With the pictures left aside, write out exactly the lines of the listing below from the line with "Comprar Apartamentos /" to the line with "le coeur dans", both included, and only those.

Study material >>
============

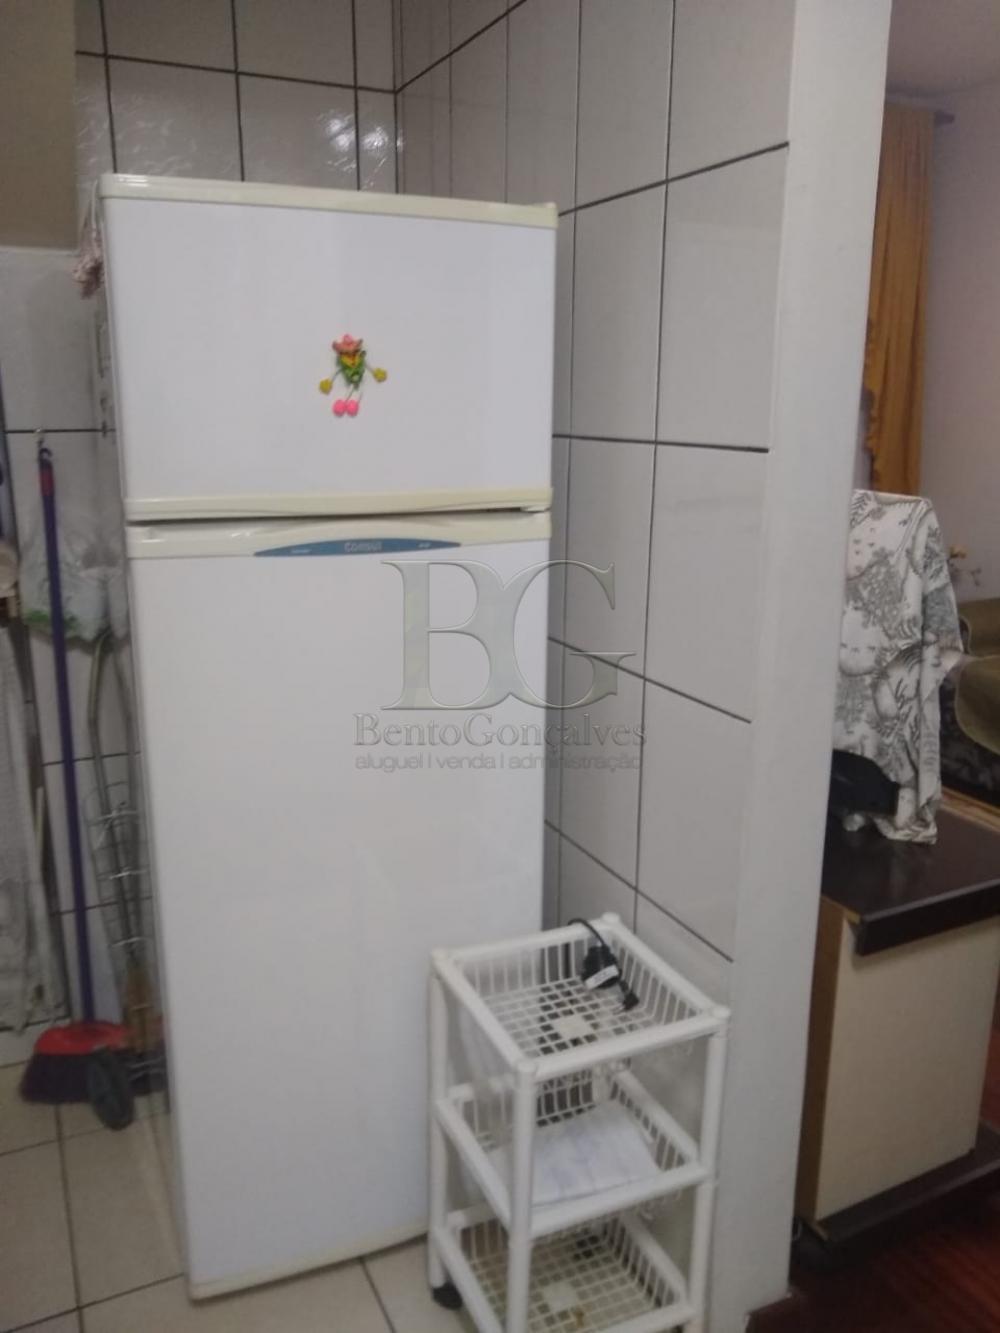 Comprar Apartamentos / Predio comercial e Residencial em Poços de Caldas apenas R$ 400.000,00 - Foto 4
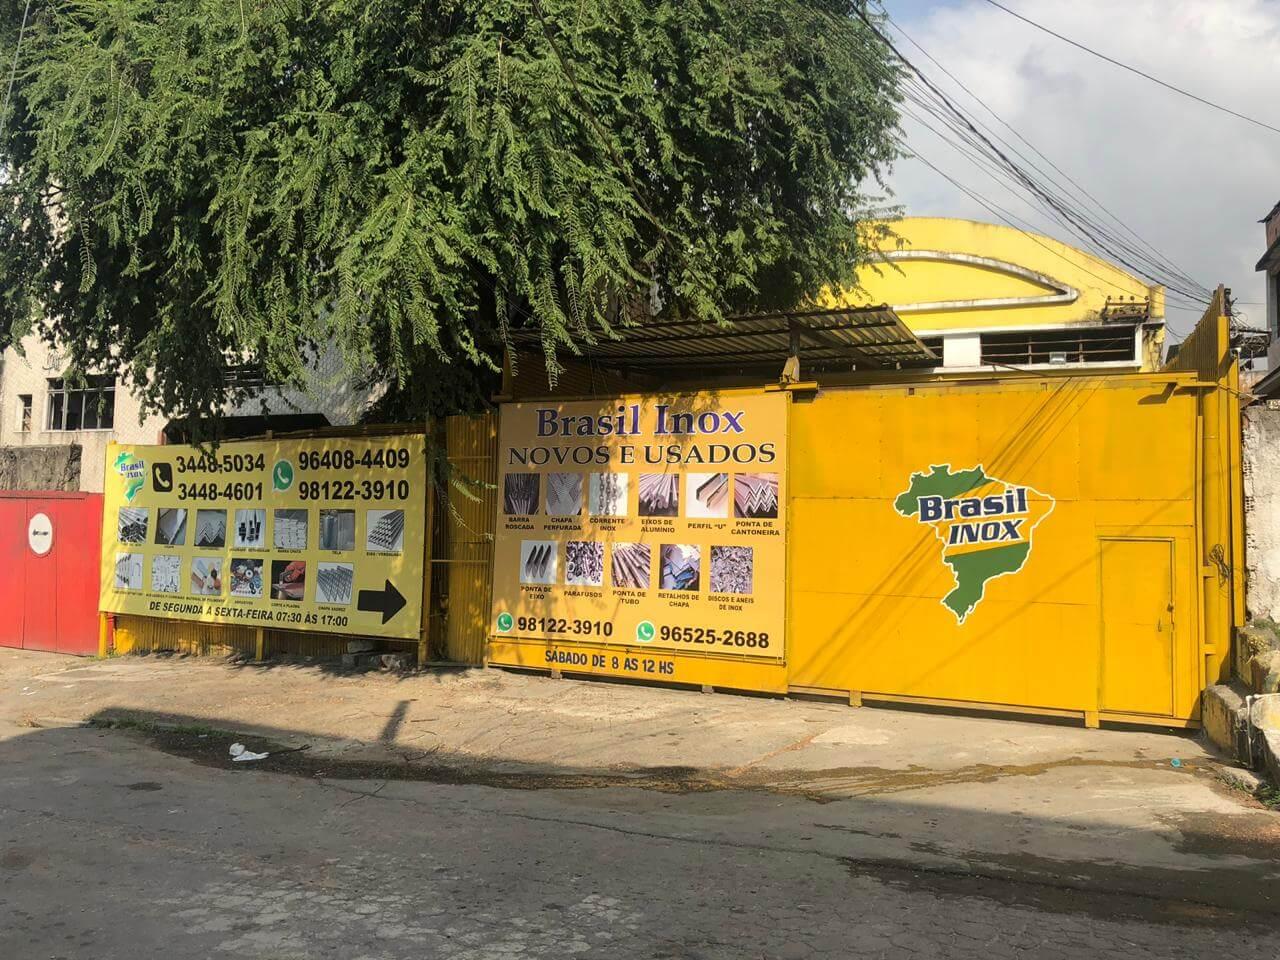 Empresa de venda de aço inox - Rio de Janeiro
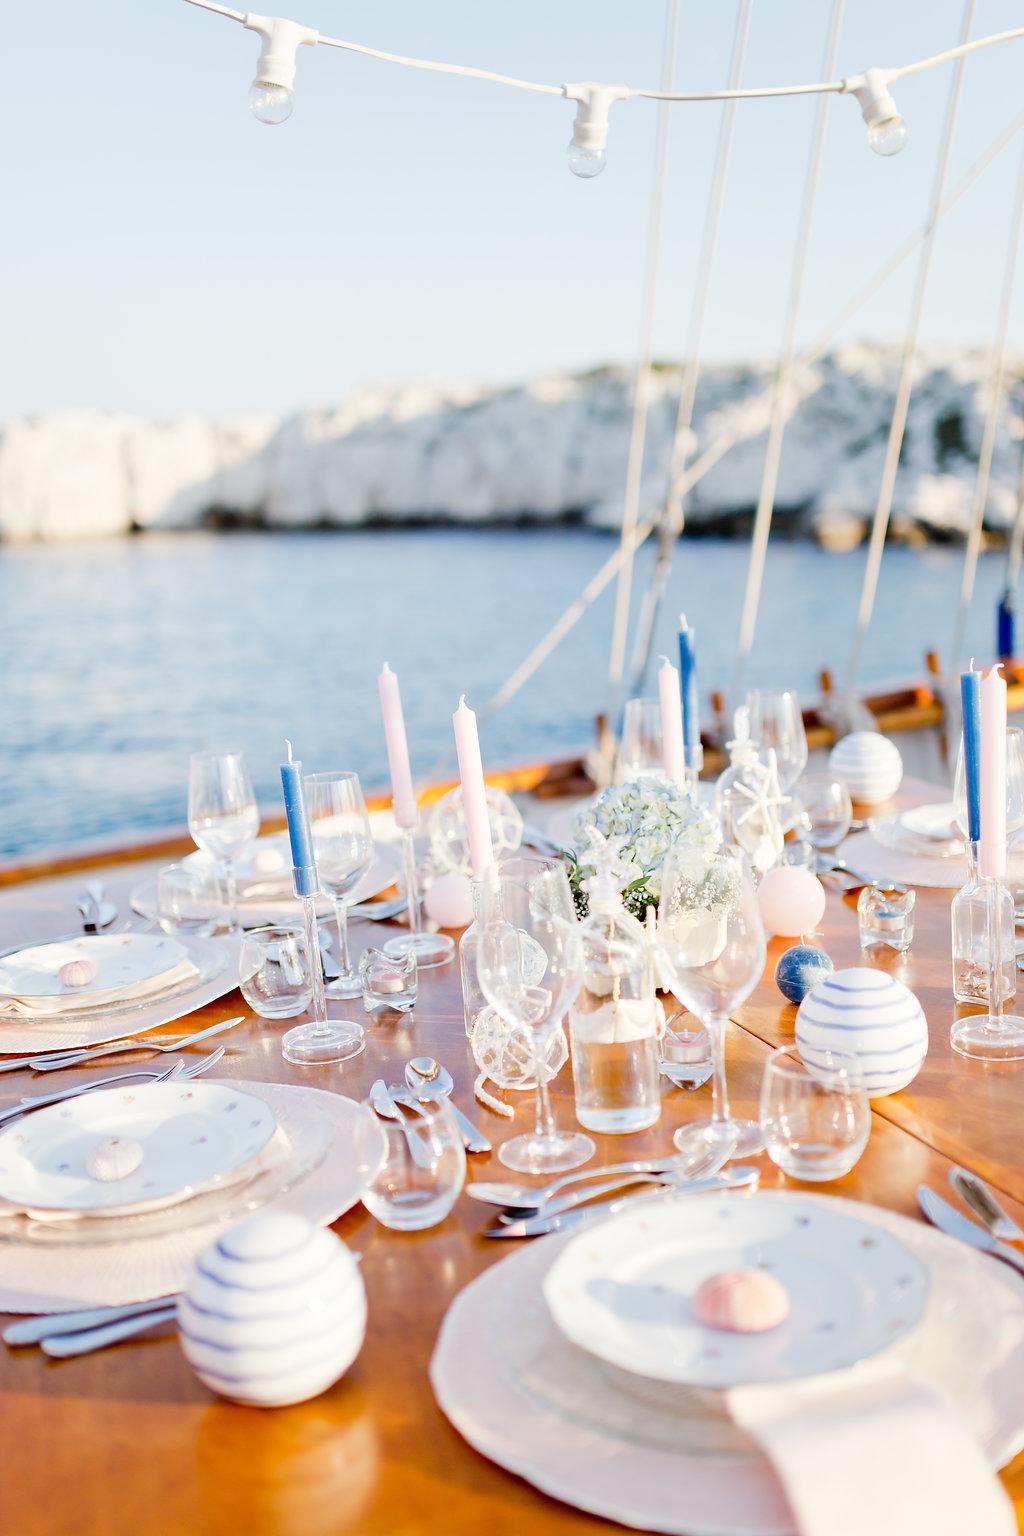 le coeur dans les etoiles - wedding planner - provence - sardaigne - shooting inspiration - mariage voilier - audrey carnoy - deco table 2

============

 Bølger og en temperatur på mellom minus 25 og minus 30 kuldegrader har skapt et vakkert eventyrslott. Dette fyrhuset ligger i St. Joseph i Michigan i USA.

============

Your solution >>
 Comprar Apartamentos / Predio comercial e Residencial em Poços de Caldas apenas R$ 400.000,00 - Foto 4
 Empresa de venda de aço inox - Rio de Janeiro
 le coeur dans les etoiles - wedding planner - provence - sardaigne - shooting inspiration - mariage voilier - audrey carnoy - deco table 2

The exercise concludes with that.